** Opening Supplied records block **

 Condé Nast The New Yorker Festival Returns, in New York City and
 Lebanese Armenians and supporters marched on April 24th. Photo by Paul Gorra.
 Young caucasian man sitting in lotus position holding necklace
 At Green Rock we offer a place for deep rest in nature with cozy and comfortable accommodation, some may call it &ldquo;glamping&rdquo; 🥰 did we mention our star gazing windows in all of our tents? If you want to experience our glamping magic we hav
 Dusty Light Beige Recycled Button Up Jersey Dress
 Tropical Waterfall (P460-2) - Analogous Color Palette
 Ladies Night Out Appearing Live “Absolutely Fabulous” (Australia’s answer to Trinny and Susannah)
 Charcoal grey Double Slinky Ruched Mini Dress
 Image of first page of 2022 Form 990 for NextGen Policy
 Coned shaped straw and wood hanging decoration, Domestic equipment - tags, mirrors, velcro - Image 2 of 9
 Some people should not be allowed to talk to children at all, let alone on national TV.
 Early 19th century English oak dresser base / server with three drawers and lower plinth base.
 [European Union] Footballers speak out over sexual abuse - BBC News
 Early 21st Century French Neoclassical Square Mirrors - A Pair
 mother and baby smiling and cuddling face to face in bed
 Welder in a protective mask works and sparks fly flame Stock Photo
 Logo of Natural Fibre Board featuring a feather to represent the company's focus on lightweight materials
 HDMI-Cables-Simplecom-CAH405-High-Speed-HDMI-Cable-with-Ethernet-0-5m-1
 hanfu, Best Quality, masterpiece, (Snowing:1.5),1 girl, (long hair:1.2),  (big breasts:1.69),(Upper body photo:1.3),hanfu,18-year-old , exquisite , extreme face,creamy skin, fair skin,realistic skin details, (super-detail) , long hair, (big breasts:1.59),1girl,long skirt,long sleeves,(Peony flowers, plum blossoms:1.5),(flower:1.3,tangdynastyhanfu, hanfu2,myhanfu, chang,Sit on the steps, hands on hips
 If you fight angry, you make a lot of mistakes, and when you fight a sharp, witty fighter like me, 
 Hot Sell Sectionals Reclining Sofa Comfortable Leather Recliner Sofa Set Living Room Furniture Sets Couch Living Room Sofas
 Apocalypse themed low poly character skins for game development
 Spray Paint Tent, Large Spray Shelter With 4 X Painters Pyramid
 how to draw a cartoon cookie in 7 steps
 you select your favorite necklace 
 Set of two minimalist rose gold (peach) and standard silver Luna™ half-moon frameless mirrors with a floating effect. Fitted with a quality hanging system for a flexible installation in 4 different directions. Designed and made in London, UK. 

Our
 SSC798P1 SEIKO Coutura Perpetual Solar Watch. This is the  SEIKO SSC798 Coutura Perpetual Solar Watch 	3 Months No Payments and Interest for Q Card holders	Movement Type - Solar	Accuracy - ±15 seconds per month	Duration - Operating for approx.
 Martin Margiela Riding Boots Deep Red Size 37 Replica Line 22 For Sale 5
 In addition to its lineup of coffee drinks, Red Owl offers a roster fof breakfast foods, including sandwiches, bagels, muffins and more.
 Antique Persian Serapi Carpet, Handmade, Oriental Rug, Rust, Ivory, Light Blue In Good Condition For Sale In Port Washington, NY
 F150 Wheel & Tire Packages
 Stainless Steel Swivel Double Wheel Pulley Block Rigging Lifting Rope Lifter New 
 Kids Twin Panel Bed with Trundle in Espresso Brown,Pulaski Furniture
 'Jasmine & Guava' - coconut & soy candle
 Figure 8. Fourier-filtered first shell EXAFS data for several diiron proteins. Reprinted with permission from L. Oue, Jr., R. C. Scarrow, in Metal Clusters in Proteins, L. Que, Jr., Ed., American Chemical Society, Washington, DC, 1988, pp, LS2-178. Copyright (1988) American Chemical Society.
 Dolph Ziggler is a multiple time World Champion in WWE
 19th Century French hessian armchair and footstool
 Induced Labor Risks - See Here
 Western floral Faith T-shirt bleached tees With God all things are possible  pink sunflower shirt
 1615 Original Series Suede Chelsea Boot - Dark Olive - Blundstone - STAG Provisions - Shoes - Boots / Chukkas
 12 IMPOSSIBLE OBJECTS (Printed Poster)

** Closing Supplied records block **

**Assignment**
Each line above that contains the string "Early" should be identified and copied.

**Exercise response**
 Early 19th century English oak dresser base / server with three drawers and lower plinth base.
 Early 21st Century French Neoclassical Square Mirrors - A Pair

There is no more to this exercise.